Es ist ein grundsätzlicher Gedankenwandel von "Hilfe für Menschen in Not" zu "Versorgung aller Menschen ungeachtet ob diese sich selbst helfen können oder nicht".
Ein Sozialsystem basiert dabei auf Akzeptanz. So versteht gewiss jeder, dass man Menschen in Not helfen sollte, aber die Akzeptanz jemanden außerhalb einer Notlage zu helfen ist in der Gesellschaft nicht unbedingt vorhanden.
Auch für den Hilfe erhaltenden Menschen ist dies nicht unbedingt von Vorteil. Wir sehen ja bereits heute, dass die Wahrscheinlichkeit in der Arbeitslosigkeit stecken zu bleiben mit jedem Tag der Arbeitslosigkeit ansteigt. Es ist also wichtig, Menschen schnell wieder in Arbeit zu kriegen anstatt sie "in Ruhe zu lassen".
Es geht aber um noch mehr:
Eine vorrangige Sozialhilfe sagt, dass Arbeit optional ist. Arbeit ist aber weit mehr als Geldbeschaffung. Arbeit bedeutet auch soziale und gesellschaftliche Teilhabe. Man wird zu einem wichtigen Mitglied der Gesellschaft und kann sich mit dieser besser identifizieren. Und jeder kennt es: Was man selber erarbeitet hat, schätzt man mehr als etwas was man geschenkt bekommen hat.
Zumal diese "Geschenke" die eigentlichen Probleme nur überdecken. Man kann hohe soziale Hilfen auszahlen, Preise decken und Löhne vorschreiben, aber die Probleme dahinter bleiben bestehen und brodeln vor sich hin bis sie sich in einer Krise entladen. Jedes bisherige Problem hat die aktuelle Regierung vor allem mit Geld zugeschüttet, so wie jetzt Hartz 4 einfach erhöht wird und einen neuen Namen erhält.
Wir streiten uns darüber, wer welche Hilfen bekommt. Die Autofahrer wollen eine Benzinpreisbremse, die Bahnfahrer ein 9 € Ticket, die Gaskunden eine Gaspreisbremse und die Hartz 4 Empfänger höhere Leistungen und und und....
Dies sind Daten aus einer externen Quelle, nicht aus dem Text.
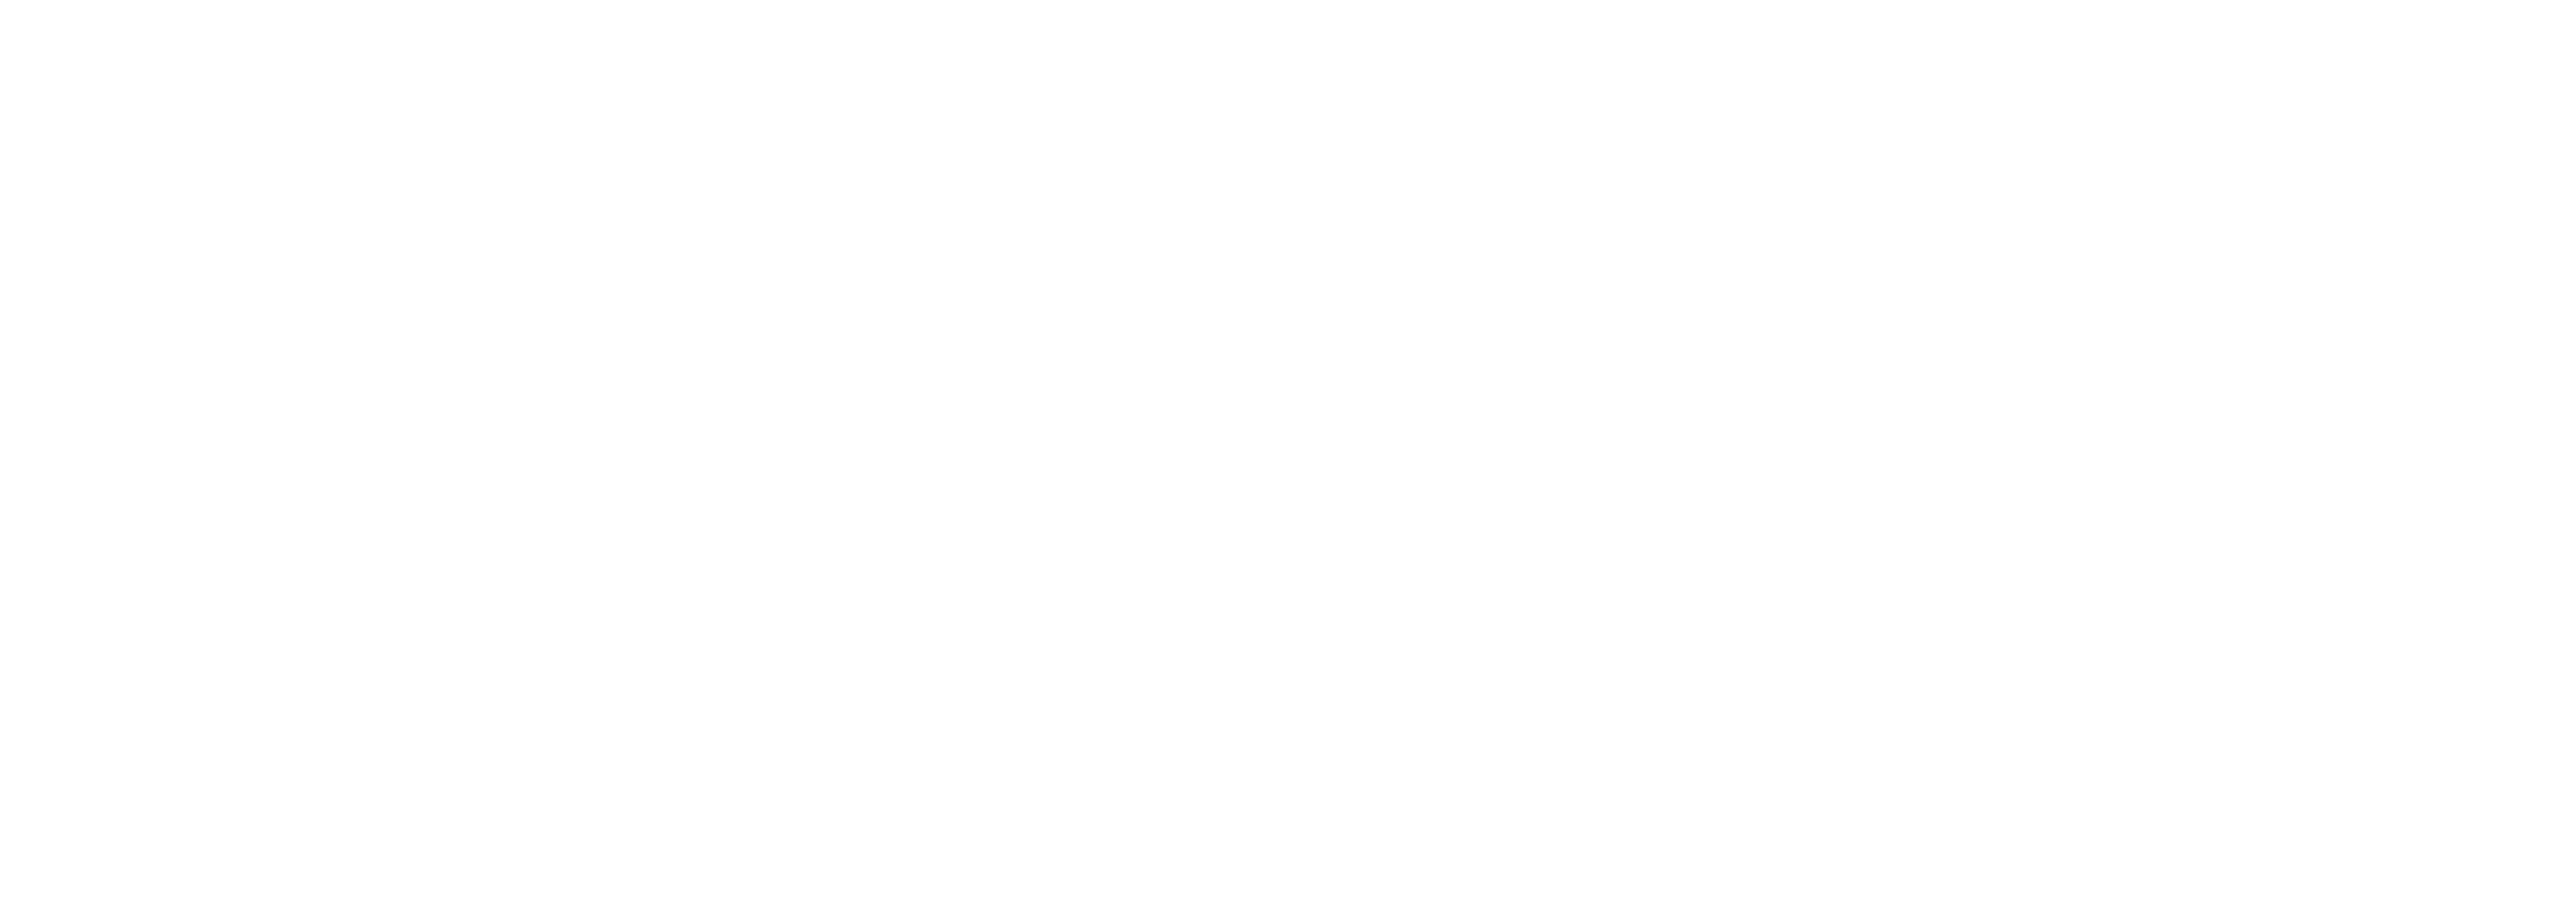 line sketch of hands raised

So verständlich das auch ist, so gefährlich ist dieser Weg. Wir machen immer mehr Menschen abhängig von staatlichen Leistungen und züchten uns eine Anspruchsmentalität.
Eine Pflanze, die man regelmäßig gießt, bildet weniger Wurzelwerk als eine Pflanze, die nicht gegossen wird. Hört man dann plötzlich auf zu gießen, stirbt die Pflanze mit weniger Wurzeln schnell ab. Das gut gemeinte Gießen einer Pflanze kann also für die Pflanze ein böses Ende haben.
Die grundsätzliche Idee eines Sozialsystemes sollte die gezielte Hilfe von Menschen in Not sein, nicht als Alternative zur eigenen Existenzsicherung, sondern als Überbrückung bis die Existenz wieder selber gesichert werden kann.